Lewis Hamilton has improved his performances with Mercedes’ car in recent races as the team have understood how to set the car up better, says their trackside engineering director Andrew Shovlin.
The seven-times times champion only out-qualified his team mate George Russell once over the first nine races. However in the past four Hamilton has done so twice, finished ahead three times and scored his first victory for two-and-a-half years.
Shovlin said Hamilton found the car more of a handful over the first rounds of the season. “I think early on, perhaps Lewis was finding the car more difficult to deal with,” he explained.

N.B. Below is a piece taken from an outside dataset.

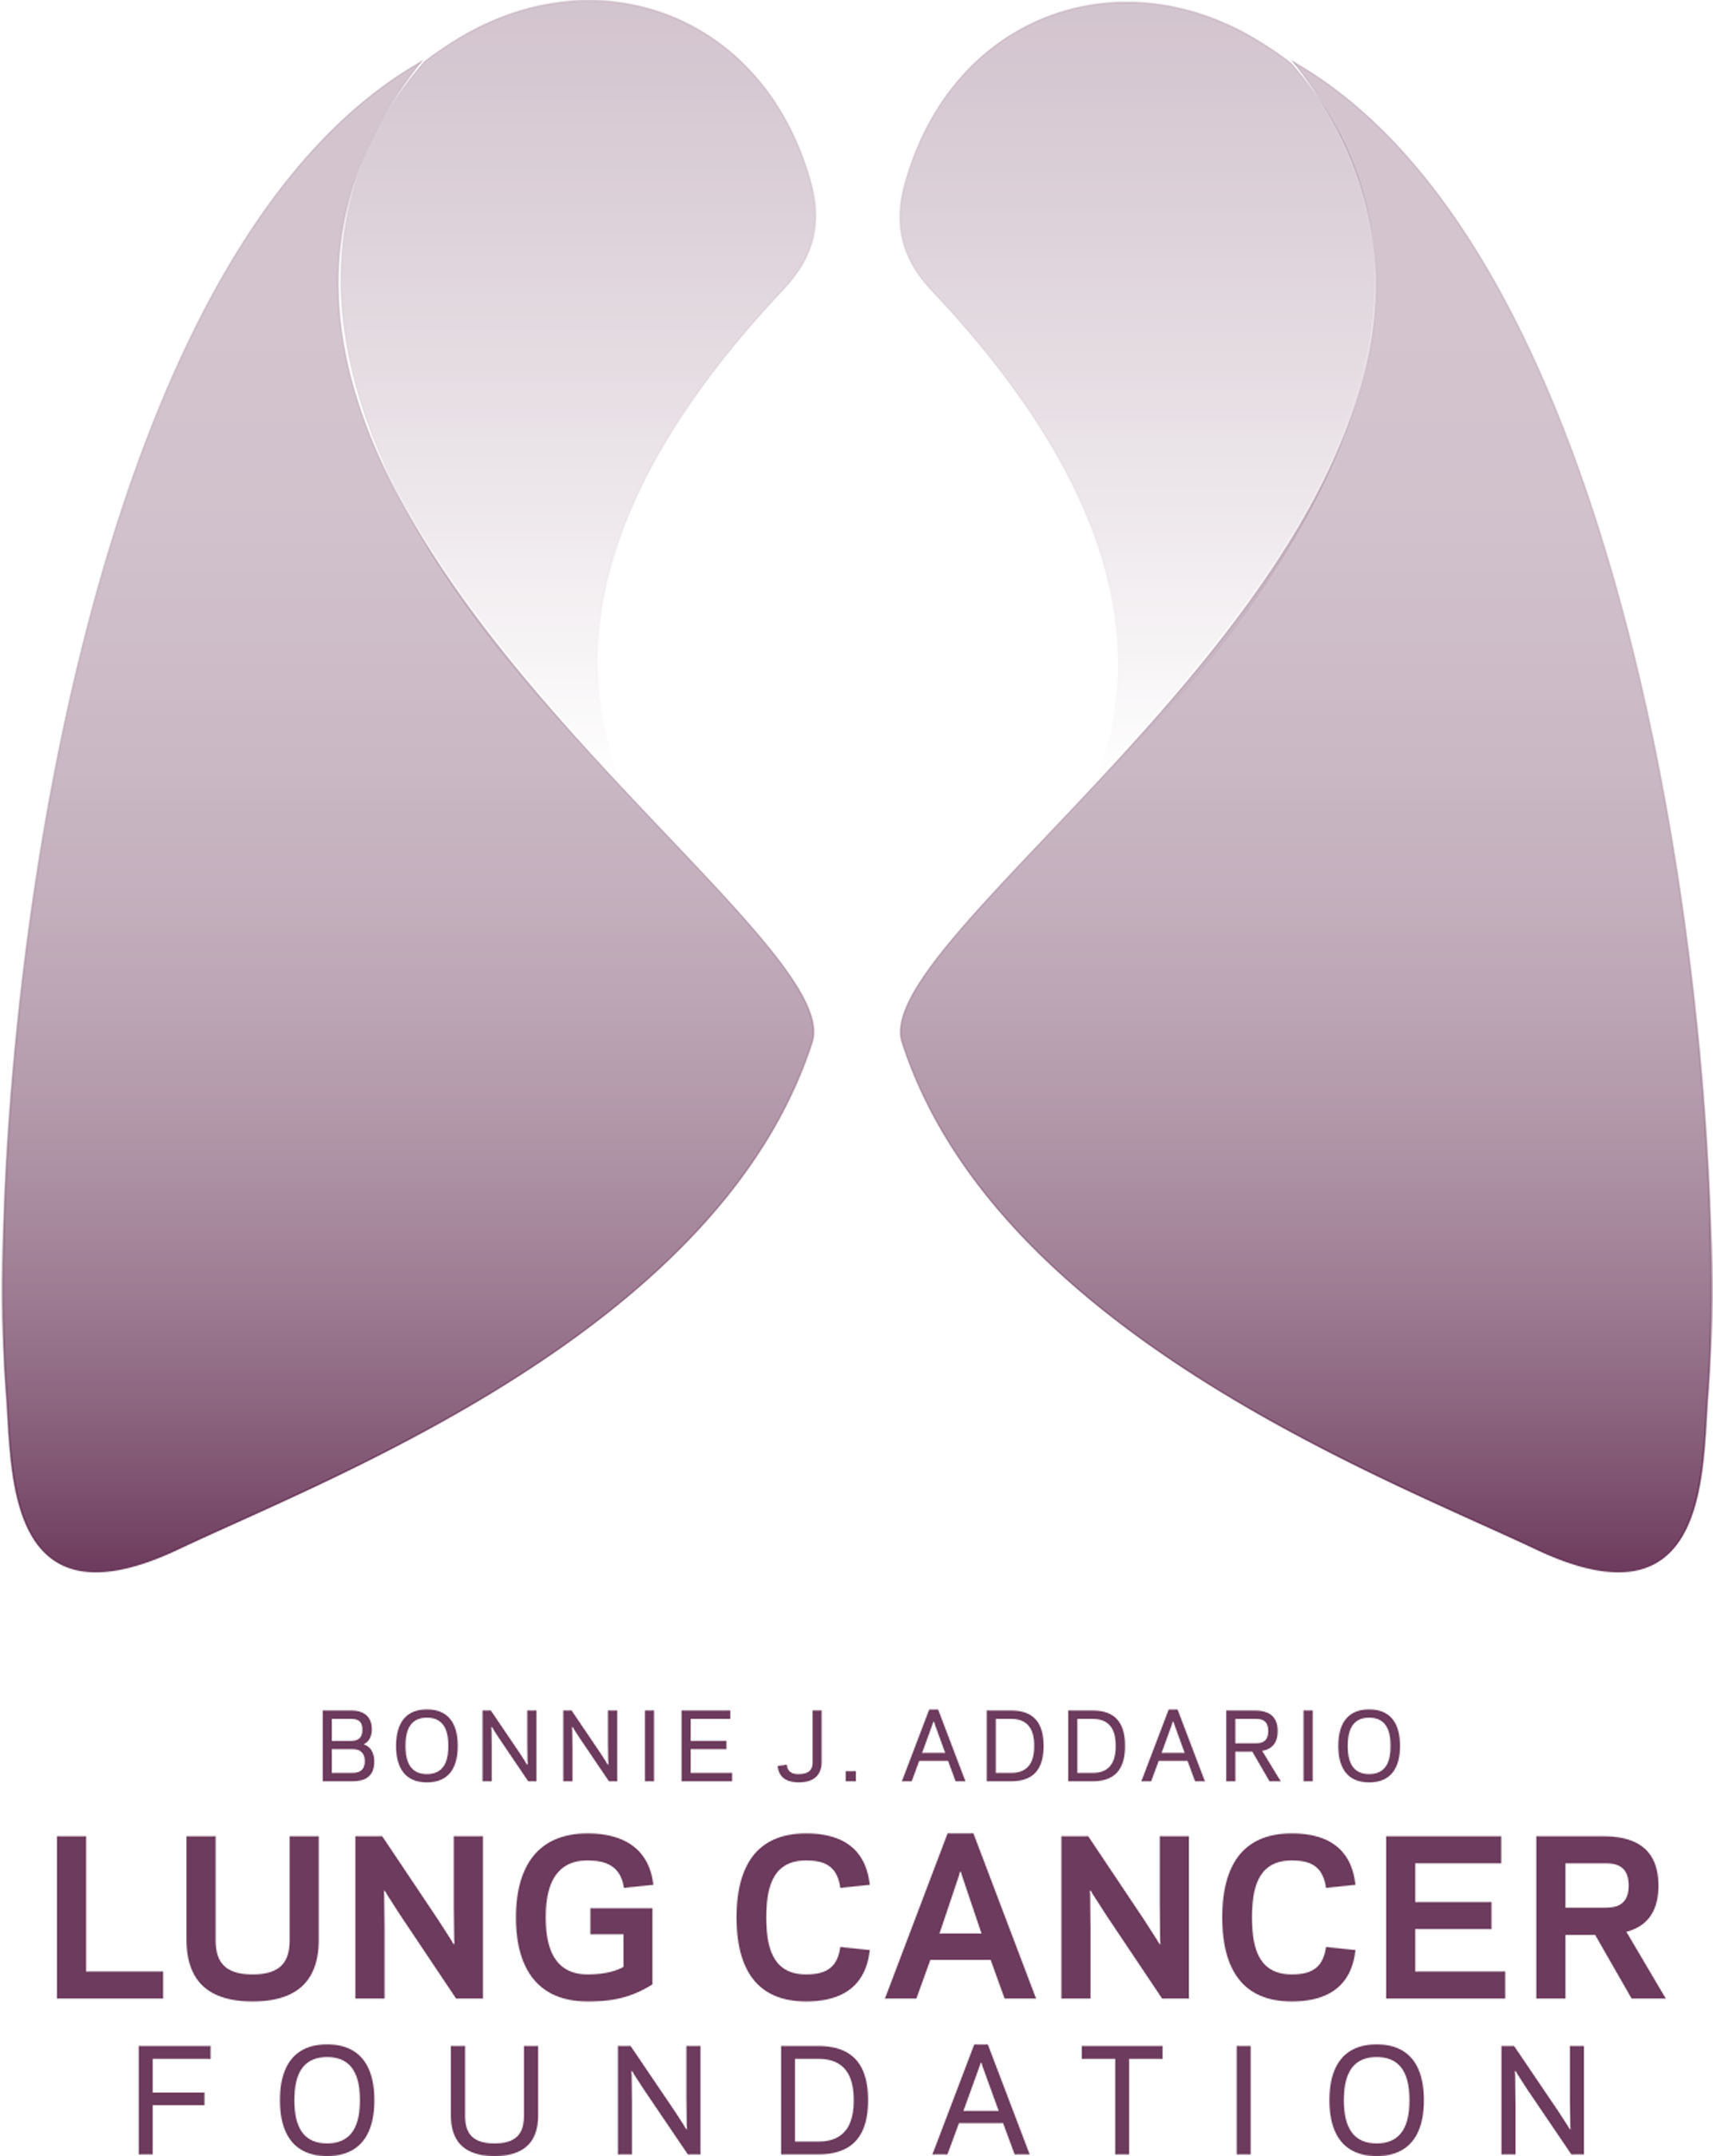 Bonnie J. Addario Lung Cancer Foundation logo. (PRNewsFoto/Addario Lung Cancer Foundation)

“One of the areas that we’ve improved with the car is being able to land the set-up in P1 that’s a good foundation to start building on performance and fine-tuning it. That helps your weekend enormously.
“In the early part of the year, we were making relatively small changes and suddenly the whole car balance left us and we were really struggling. So that certainly helped. And it’s probably fair to say that in the earlier races Lewis was finding it more difficult to set up than George.”
Over the first races of 2024, Mercedes often found their car worked well in a single session when they happened to suit the conditions, then experienced much poorer balance in later sessions when the conditions changed. Shovlin said they understand better how to adapt it now.
“We always thought this car, on its day, seemed to be quick,” he said. “But being able to do that across a whole weekend was a bit of a challenge for us in the early part of the year.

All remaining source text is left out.